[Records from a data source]
Content starts

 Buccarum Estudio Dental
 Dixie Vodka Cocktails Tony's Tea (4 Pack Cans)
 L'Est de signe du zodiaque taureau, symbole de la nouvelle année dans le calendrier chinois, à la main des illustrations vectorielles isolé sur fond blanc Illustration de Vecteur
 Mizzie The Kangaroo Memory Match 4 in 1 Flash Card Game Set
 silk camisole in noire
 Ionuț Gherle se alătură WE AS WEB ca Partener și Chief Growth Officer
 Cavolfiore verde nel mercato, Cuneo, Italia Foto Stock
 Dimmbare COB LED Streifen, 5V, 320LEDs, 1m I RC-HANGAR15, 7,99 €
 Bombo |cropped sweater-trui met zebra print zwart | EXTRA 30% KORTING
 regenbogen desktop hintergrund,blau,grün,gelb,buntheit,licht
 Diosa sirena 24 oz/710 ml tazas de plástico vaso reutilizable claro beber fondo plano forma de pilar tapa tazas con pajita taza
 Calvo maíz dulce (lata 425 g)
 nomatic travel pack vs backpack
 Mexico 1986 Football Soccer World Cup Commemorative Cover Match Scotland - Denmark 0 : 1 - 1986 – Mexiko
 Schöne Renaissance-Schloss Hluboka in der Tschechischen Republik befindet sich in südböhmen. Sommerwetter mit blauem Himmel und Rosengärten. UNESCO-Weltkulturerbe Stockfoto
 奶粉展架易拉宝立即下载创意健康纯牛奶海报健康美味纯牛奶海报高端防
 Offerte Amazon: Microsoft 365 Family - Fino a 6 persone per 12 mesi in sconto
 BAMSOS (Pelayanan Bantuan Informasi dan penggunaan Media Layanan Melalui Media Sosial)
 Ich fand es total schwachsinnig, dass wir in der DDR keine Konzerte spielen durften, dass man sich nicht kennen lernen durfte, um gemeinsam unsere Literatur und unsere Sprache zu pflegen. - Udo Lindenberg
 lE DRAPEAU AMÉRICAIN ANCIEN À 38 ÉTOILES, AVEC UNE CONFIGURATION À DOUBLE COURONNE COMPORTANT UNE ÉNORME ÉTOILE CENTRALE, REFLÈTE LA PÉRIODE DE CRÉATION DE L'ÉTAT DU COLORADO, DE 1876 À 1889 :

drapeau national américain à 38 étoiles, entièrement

Content ends

▶ Your assignment
Down to the last line, return the data above exactly.

▶ Written solution
 Buccarum Estudio Dental
 Dixie Vodka Cocktails Tony's Tea (4 Pack Cans)
 L'Est de signe du zodiaque taureau, symbole de la nouvelle année dans le calendrier chinois, à la main des illustrations vectorielles isolé sur fond blanc Illustration de Vecteur
 Mizzie The Kangaroo Memory Match 4 in 1 Flash Card Game Set
 silk camisole in noire
 Ionuț Gherle se alătură WE AS WEB ca Partener și Chief Growth Officer
 Cavolfiore verde nel mercato, Cuneo, Italia Foto Stock
 Dimmbare COB LED Streifen, 5V, 320LEDs, 1m I RC-HANGAR15, 7,99 €
 Bombo |cropped sweater-trui met zebra print zwart | EXTRA 30% KORTING
 regenbogen desktop hintergrund,blau,grün,gelb,buntheit,licht
 Diosa sirena 24 oz/710 ml tazas de plástico vaso reutilizable claro beber fondo plano forma de pilar tapa tazas con pajita taza
 Calvo maíz dulce (lata 425 g)
 nomatic travel pack vs backpack
 Mexico 1986 Football Soccer World Cup Commemorative Cover Match Scotland - Denmark 0 : 1 - 1986 – Mexiko
 Schöne Renaissance-Schloss Hluboka in der Tschechischen Republik befindet sich in südböhmen. Sommerwetter mit blauem Himmel und Rosengärten. UNESCO-Weltkulturerbe Stockfoto
 奶粉展架易拉宝立即下载创意健康纯牛奶海报健康美味纯牛奶海报高端防
 Offerte Amazon: Microsoft 365 Family - Fino a 6 persone per 12 mesi in sconto
 BAMSOS (Pelayanan Bantuan Informasi dan penggunaan Media Layanan Melalui Media Sosial)
 Ich fand es total schwachsinnig, dass wir in der DDR keine Konzerte spielen durften, dass man sich nicht kennen lernen durfte, um gemeinsam unsere Literatur und unsere Sprache zu pflegen. - Udo Lindenberg
 lE DRAPEAU AMÉRICAIN ANCIEN À 38 ÉTOILES, AVEC UNE CONFIGURATION À DOUBLE COURONNE COMPORTANT UNE ÉNORME ÉTOILE CENTRALE, REFLÈTE LA PÉRIODE DE CRÉATION DE L'ÉTAT DU COLORADO, DE 1876 À 1889 :

drapeau national américain à 38 étoiles, entièrement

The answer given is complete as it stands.